The fact is that the monetarist idea of running the world by interest rates has failed dismally. Low rates should generate business investment and confidence. The result has been the exact opposite. New business initiatives aren’t creating jobs. Layoffs are still happening as the world’s financial geniuses try to cut their own inflated, self-inflicted costs.
The same mentality affects government. Who wrote the IOUs? Congress. Who accepted any old price for anything, as long as it looked good as a rider on a bill and pleased donors? Congress. The result has been that costs of government have blown out endlessly, and both sides are responsible. A mindset that can’t foresee consequences is now supposed to clean up its own mess, when it doesn’t even understand it?
Low interest rates have become a very bad habit. These low rates are literally money for jam. No effort required, just borrow at 0.25% and lend at 4.5% and you’re a financial wunderkind. No, as a matter of fact you’re a moron, because you can’t even figure out a way of getting more than 4.5%, but what the hell- You’re happy.
Ironically, the opposite was the case in the high interest rate 80s. The only way to pay off high rates was to come up with good business options. If you’re paying 15%, apparently, you’re more inspired to get off your butt than if you’re paying 0.25%.
The financial culture isn’t up to that speed any more. The hedge funds and private equity guys are sharp, but only sharp compared to total non-performers. The banks are financially ultra-cautious, when not making ridiculous loans to countries that can’t pay them back and pretending the endlessly failing derivatives are “clever”.
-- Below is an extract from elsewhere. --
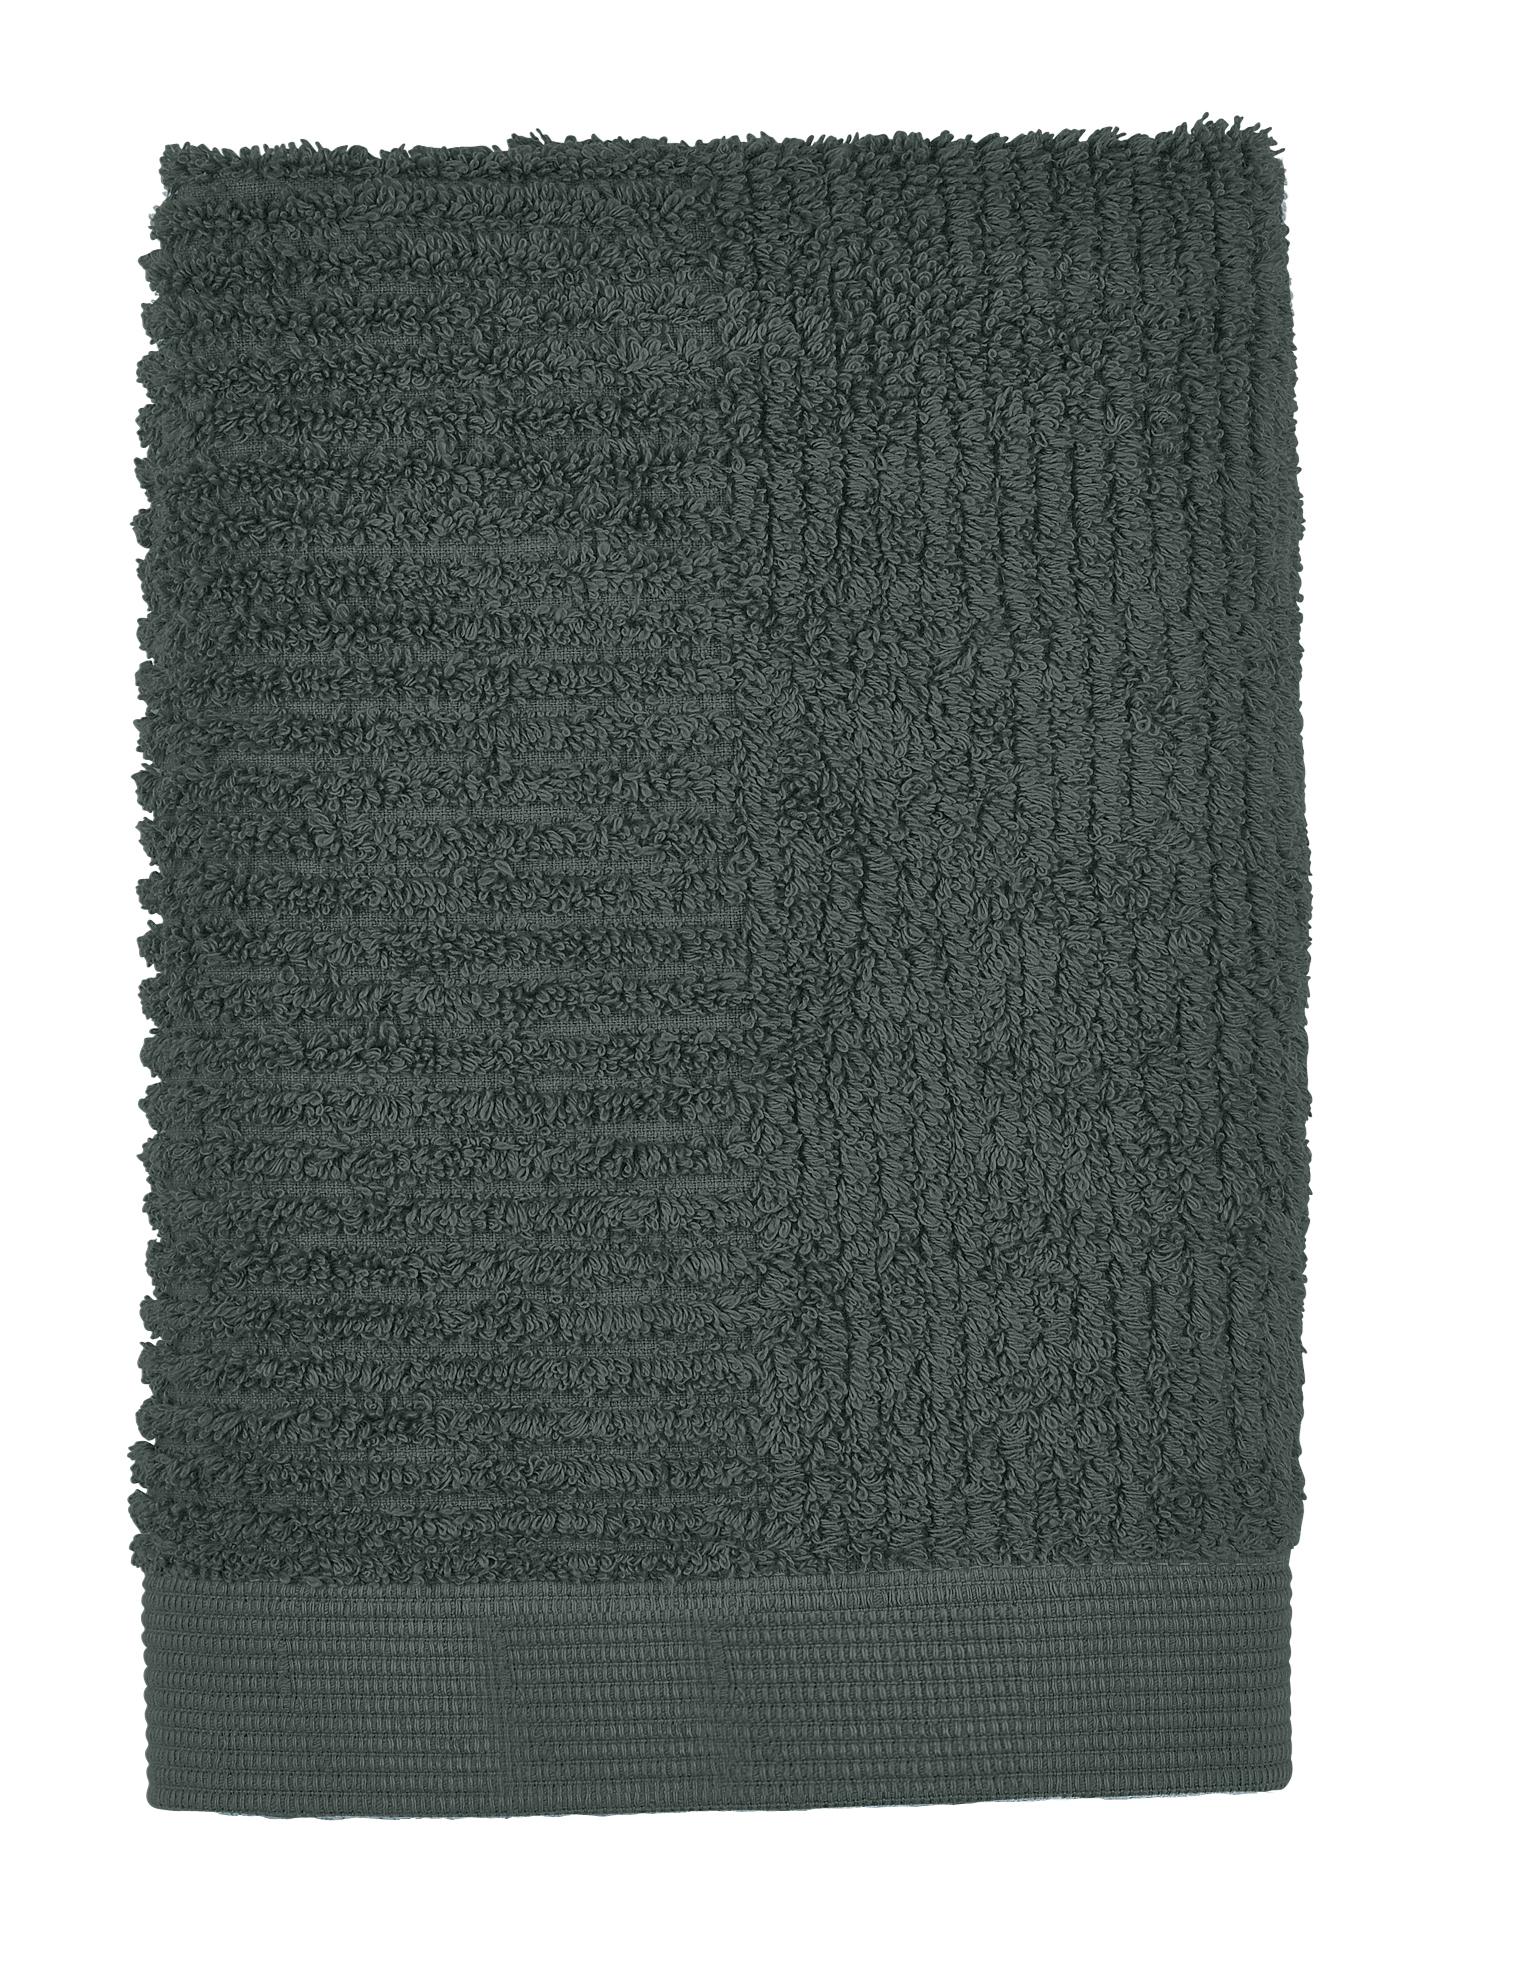 Zone - Classic Towel 50 x 70 cm - Pine Green (330336)

This is a culture that doesn’t receive messages, however blunt. Meanwhile Bernanke, who must have taken a course of smell-reducing meds to tolerate the stench of stupidity in the sector he’s supposed to be running, has tried to allow for more quantitative easing- printing more money to stimulate the crashed couch potato which was once called the US economy by buying bonds.
The approach also would allow the Fed more easily to pull back on its stimulus if financial stability were threatened by forces such as market bubbles or if inflation picked up after years of being tame. Conversely, if the outlook deteriorated, the central bank could prolong its bond buying.
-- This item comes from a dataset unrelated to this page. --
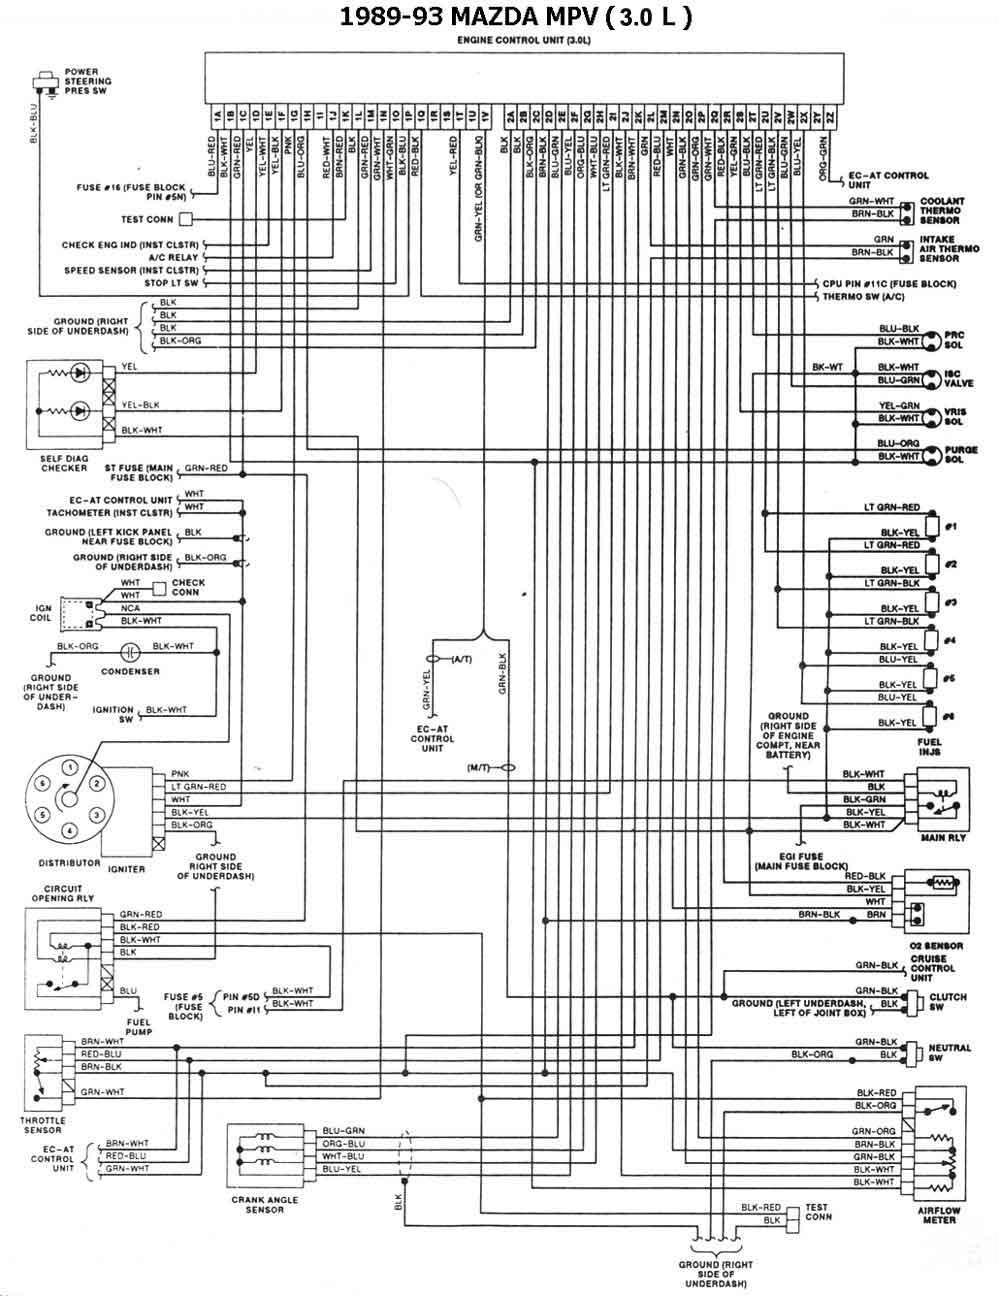 mazda xedos 6 fuse box mazda wiring diagrams

In other words, if inflation = economic growth, the stimulus is put on hold. This is a bit like not giving coffee to someone on crystal meth. Sadly, the broad brush approach is much too theoretical.
No benchmarks have been set for what constitutes healthy growth.
Where’s the new business?
Where’s the venture capital?
Where are the entrepreneurs?
Where are the ideas?
Where are the jobs?
Where are the startups?
These are the signs of working businesses trying to expand. They’re the drivers of business and catalysts of commerce. They’re also practically endangered species now. Risk aversion has become business aversion. A generation of business people too scared to fail will do nothing. A generation of economists brought up on 1970s buzzwords will stick to painting by numbers rather than buy a Van Gogh or even go looking for one.
Road to where?
Road to where?
Congress can play chicken as much as it wants. The cows are dying. The farm is falling to bits. The global pecking order is changing. The barnyard isn’t even vaguely like what it was when these policies could at least pretend to work. Either the vaudeville act reinvents itself, or the show is over.
You can be in only so many crashes before one of them does the job and kills you. You might get away with one or two, but the odds become steeper against you every time. One day you don’t walk away from it. That day is getting closer.
Raise the rates. Make these bastards work for a living. Kill off the inefficient and uncompetitive freeloaders. Survival isn’t a passive occupation.